The Euro turned in a mixed performance against major currencies through the European session as EUR/USD fell to US$ 1.3510, EUR/GBP weakened to £0.8405, EUR/CHF improved to CHF 1.2309, and EUR/NZD slumped to NZ$ 1.6349. EUR gave back some recent gains that were notched after ECB officials confirmed the central bank will inject additional LTRO liquidity if it deems it necessary to support financial institutions. Spanish PM Rajoy verbally intervened in favour of a weaker EUR today, adding his country does not require additional austerity measures to satisfy its 2013 deficit goal. IMF reported its approval of a €770 million disbursement to Ireland. Greece’s Deputy PM Venizelos reported his country will not require a third bailout. August Eurozone M3 money supply data are due today.

The Japanese yen underperformed against all major rivals through the European session as USD/JPY gained to ¥99.10, EUR/JPY bettered to ¥133.93, GBP/JPY rallied to ¥159.24, and NZD/JPY retreated to ¥81.79. JPY gave back some gains earned over the past couple of days as some carry trades were unwound. The 20-year JGB is now yielding below 1.55%, its lowest level since 10 May and an indication that short yen carry trades have been unwound with proceeds being invested in the Japanese credit markets. Japanese media reported the government “will study a corporate tax cut and advise public pension funds to raise allocations of risk assets.” It is likely official Japanese investment assets will increasingly be invested in overseas markets to help reduce upward pressure on JPY, and in search of greater yield. PM Abe is expected to announce an economic stimulus package on 1 October, the same date he plans to announce his decision on whether the country’s sales tax will be increased. CPI and investment flows data are due tomorrow.

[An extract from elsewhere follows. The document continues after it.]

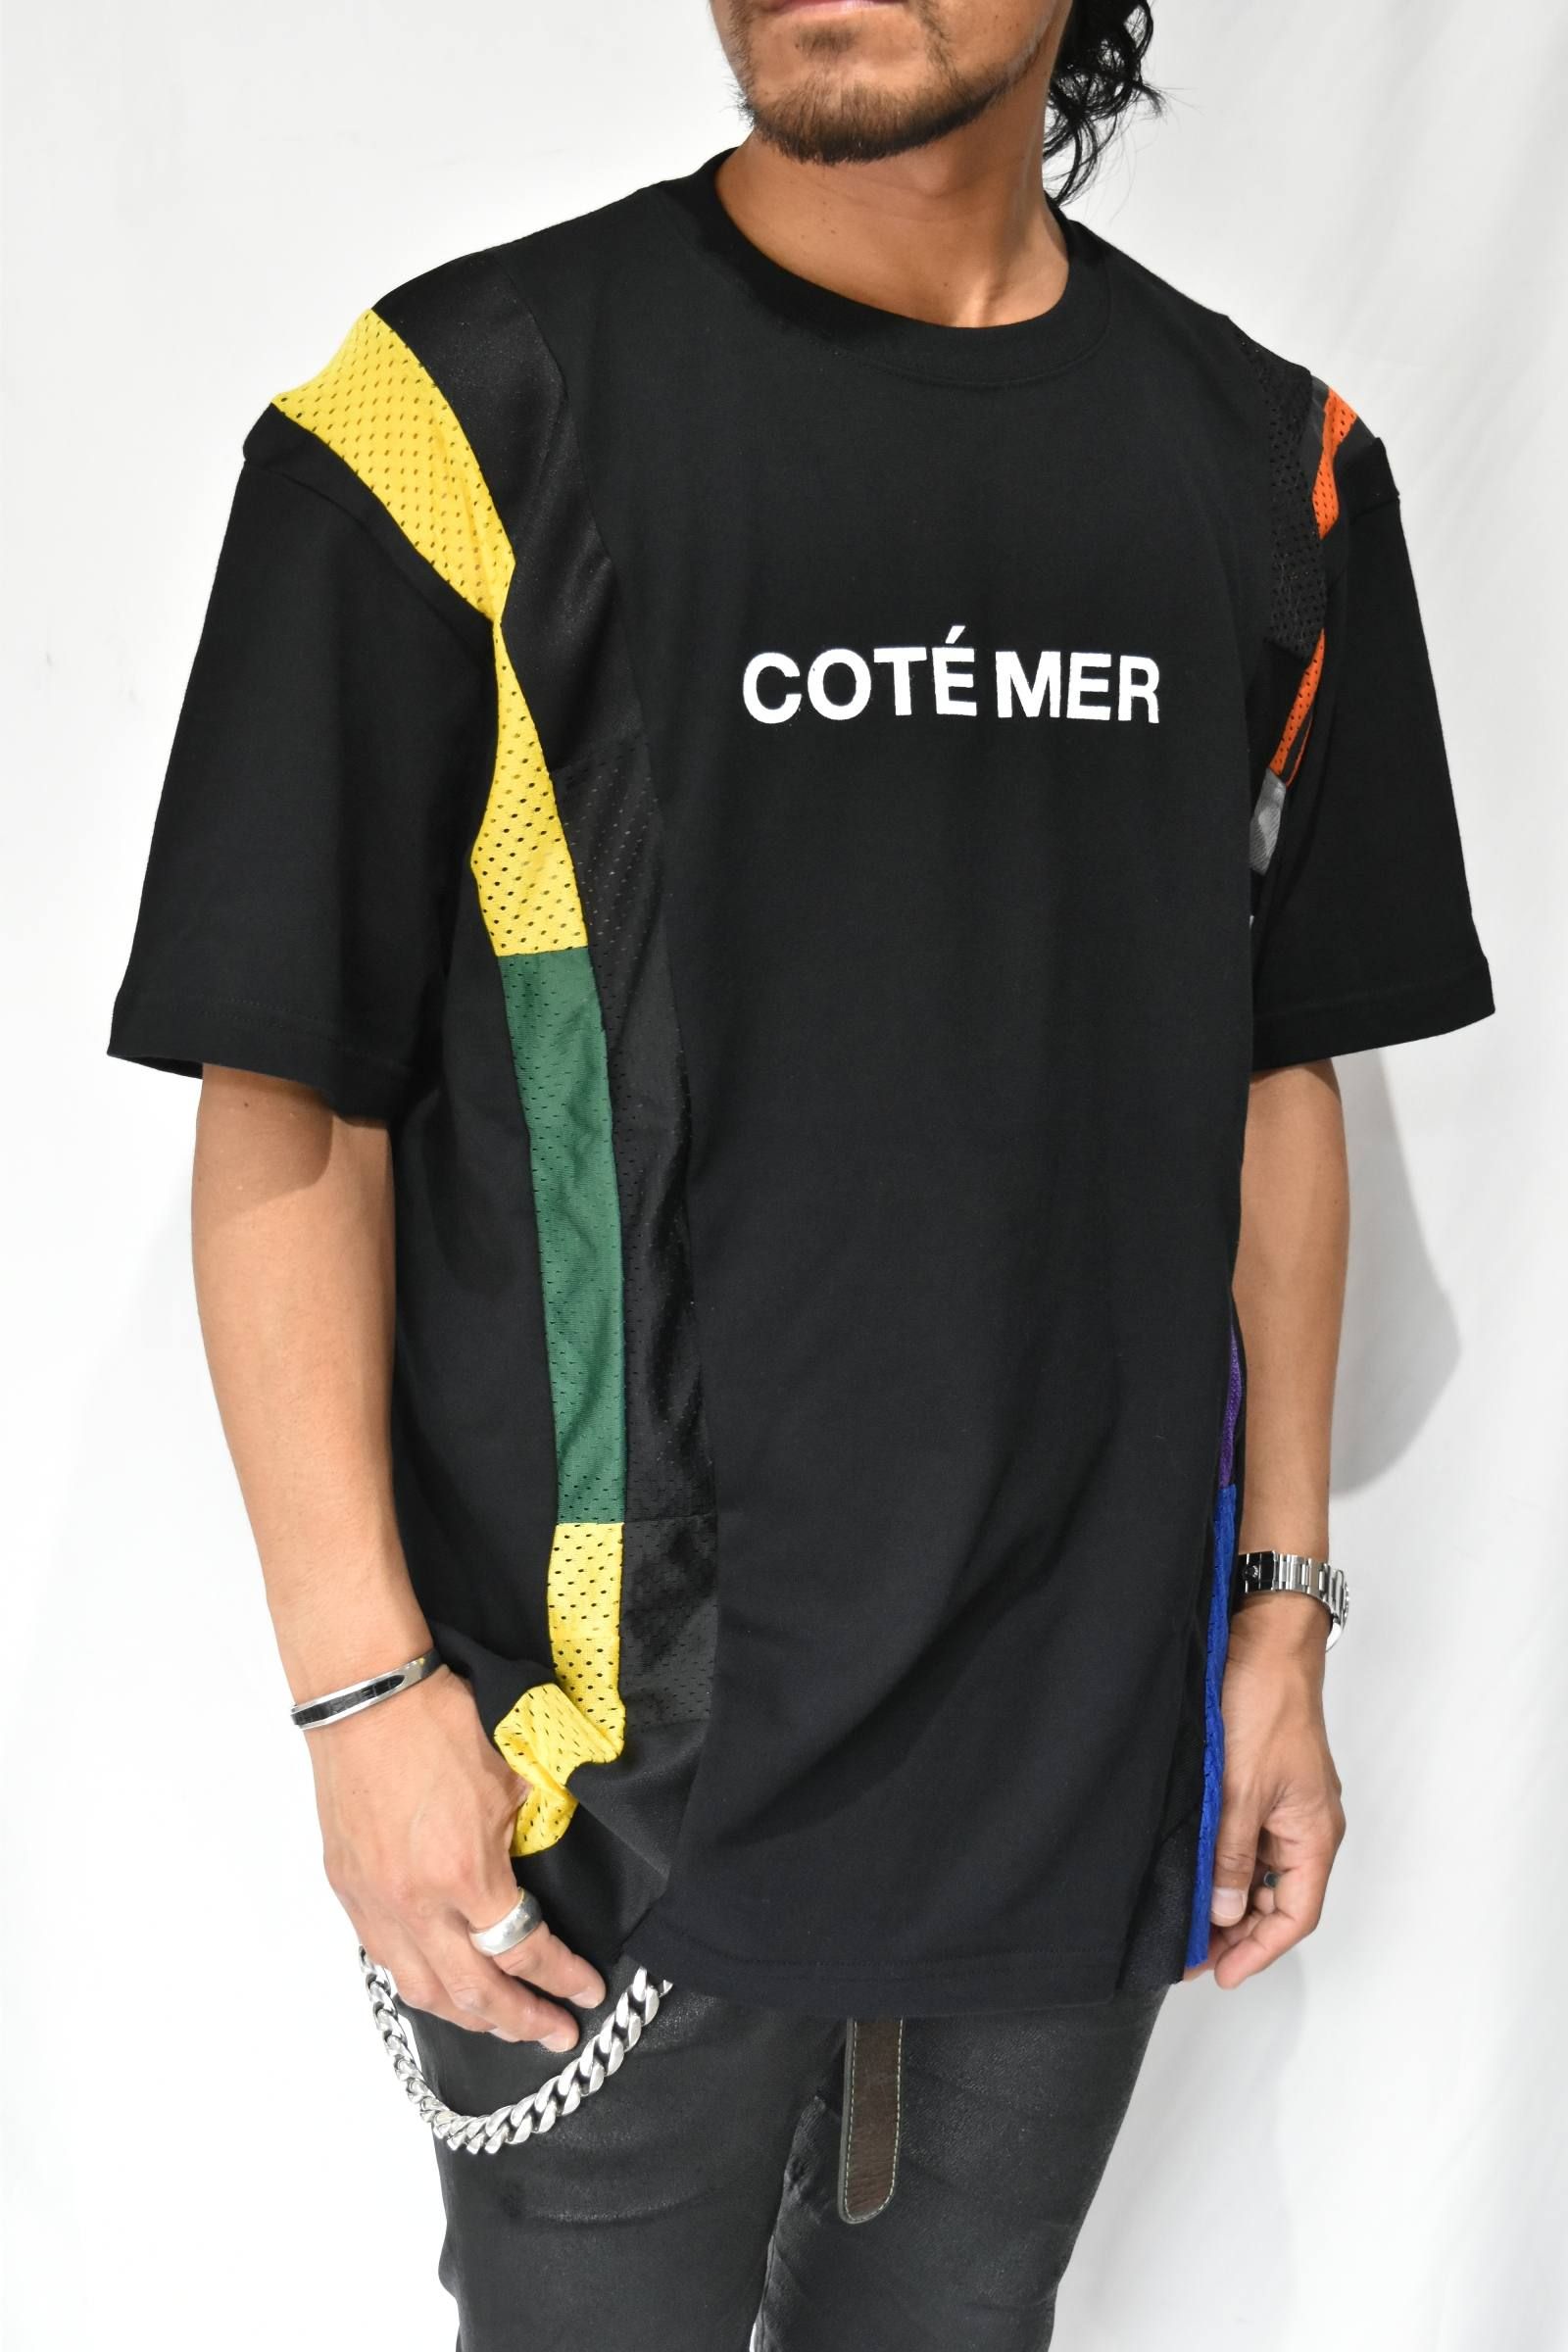 COTE MER - リメイク プリントTシャツ | chord online store

The U.S. Dollar was mixed against most rivals through the European session as GBP/USD fell to US$ 1.6065, USD/CHF appreciated to CHF 0.9108, USD/CAD gained to C$ 1.0323, and NZD/USD advanced to US$ 0.8269. Richmond Fed’s Lacker spoke in Sweden today and critically noted the “direct economic effects” from the Fed’s QE program have been “minimal,” adding QE may result in “political” problems for the Fed. New York Fed’s Dudley yesterday said the Fed must be “humble” with regard to uncertainty concerning the eventual taper of QE, and called for additional financial stability in the US. The US Senate voted 100-0 to advance a bill to keep the government operating when the next fiscal year begins on 1 October. Treasury Secretary Lew indicated the debt ceiling may be breached on 17 October. Yesterday’s US numbers saw August headline durable goods orders print at +0.1% while the ex-transportation component printed at -0.1% and other core measures rallied to the positive side. August new home sales surprised to the upside with a +7.9% m/m climb. Today’s data include Q2 GDP and August pending home sales. Minneapolis Fed’s Kocherlakota speaks later today.

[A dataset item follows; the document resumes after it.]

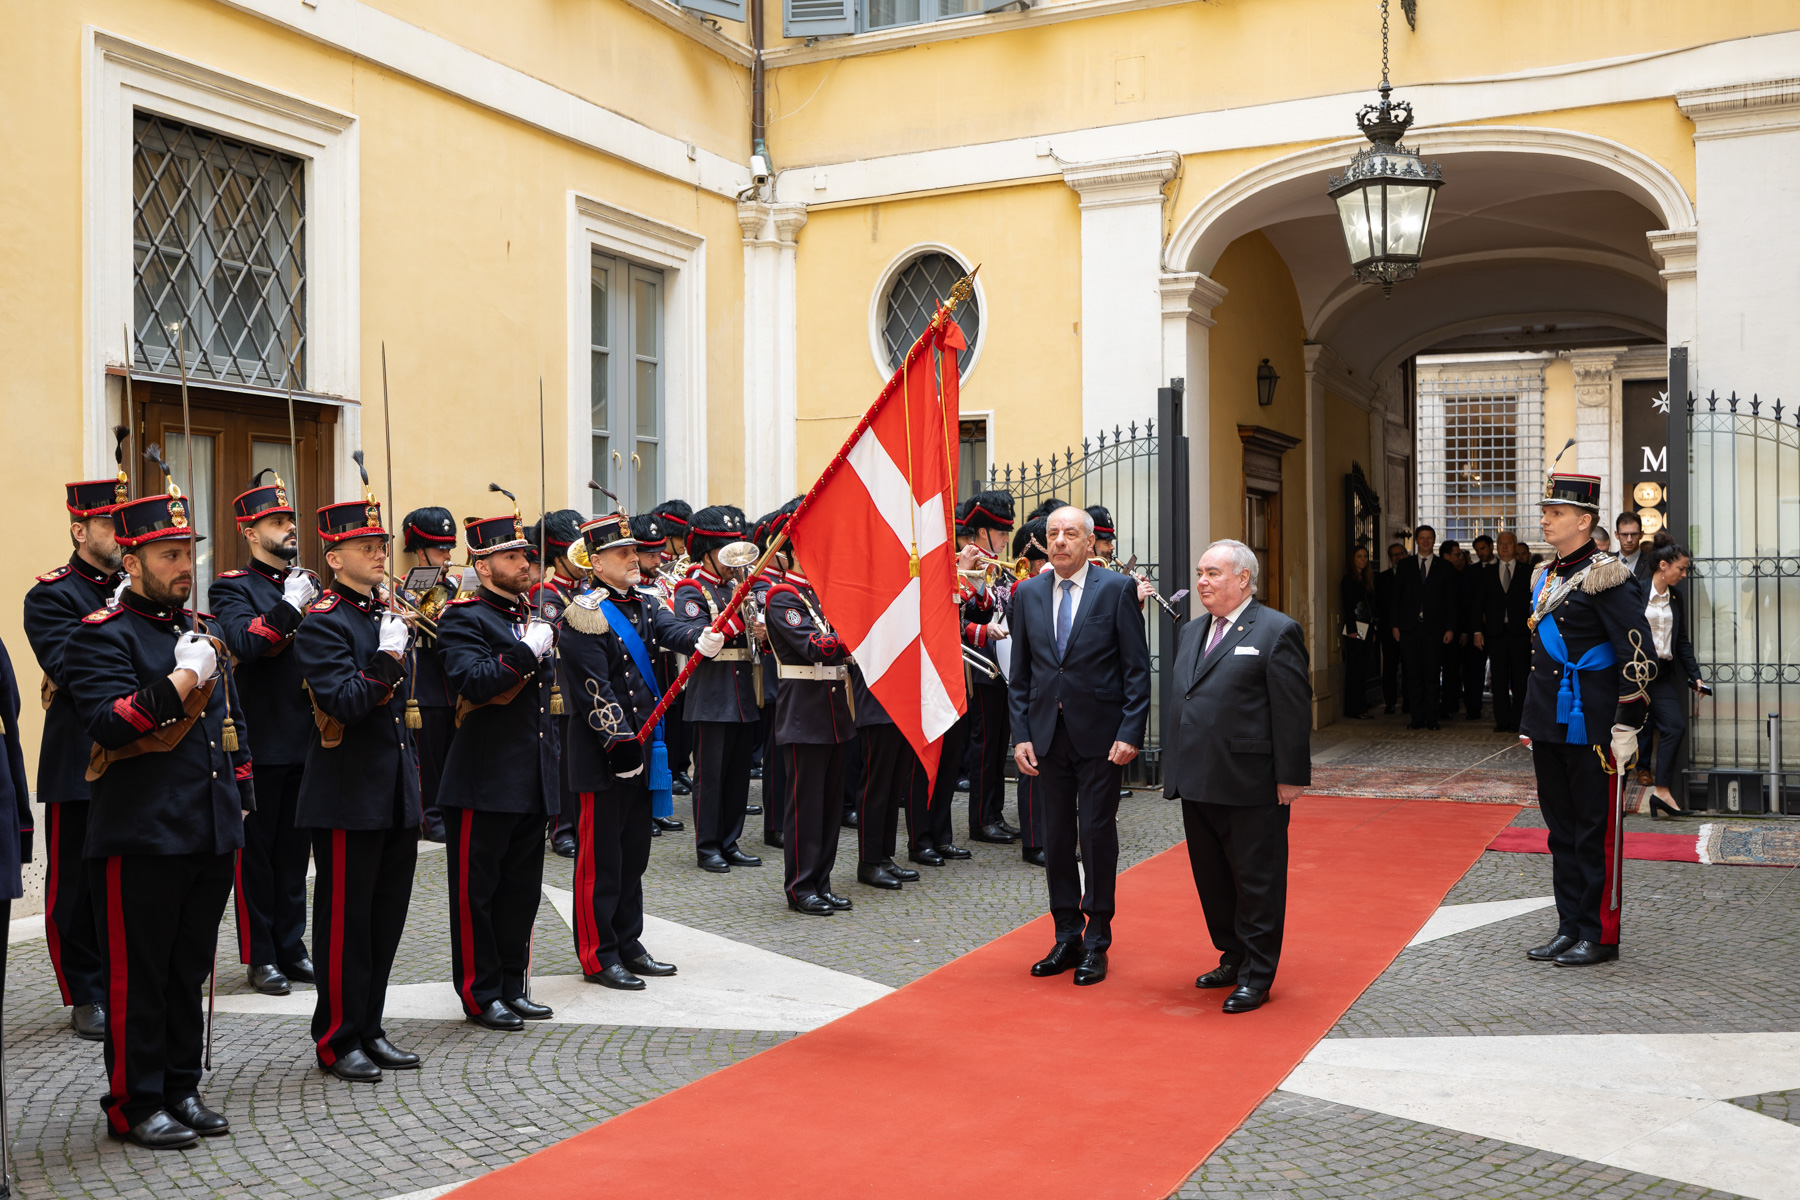 The President of the Republic pays an official visit to the Order of Malta

Gold and Silver were marginally weaker through the European session as Gold fell to US$ 1329.90 and was capped at $ 1336.50 while Silver depreciated to US$ 21.643 and was capped at US$ 21.838. The precious Metals complex is seeking to register a third consecutive daily gain as traders weigh the timing of the Fed’s QE taper against the backdrop of slower sovereign demand for Gold and a possible closure of the US government. Gold traded below the $1300 figure last week for the first time since early August.

Crude Oil was better through the European session as Brent futures gained to US$ 107.76 and were supported at $107.48 while WTI futures gained to US$ 102.27 and were supported at $101.99. EIA yesterday reported US stockpiles jumped 2.64 million barrels, in contrast to the 1 million barrel decrease that was estimated. Crude has been weaker for several consecutive trading days. Optimism over a deal to disarm Syria of its chemical weapons, additional output in Libya and Nigeria, record output levels in Texas, and other factors are leading to ample supply and capped prices.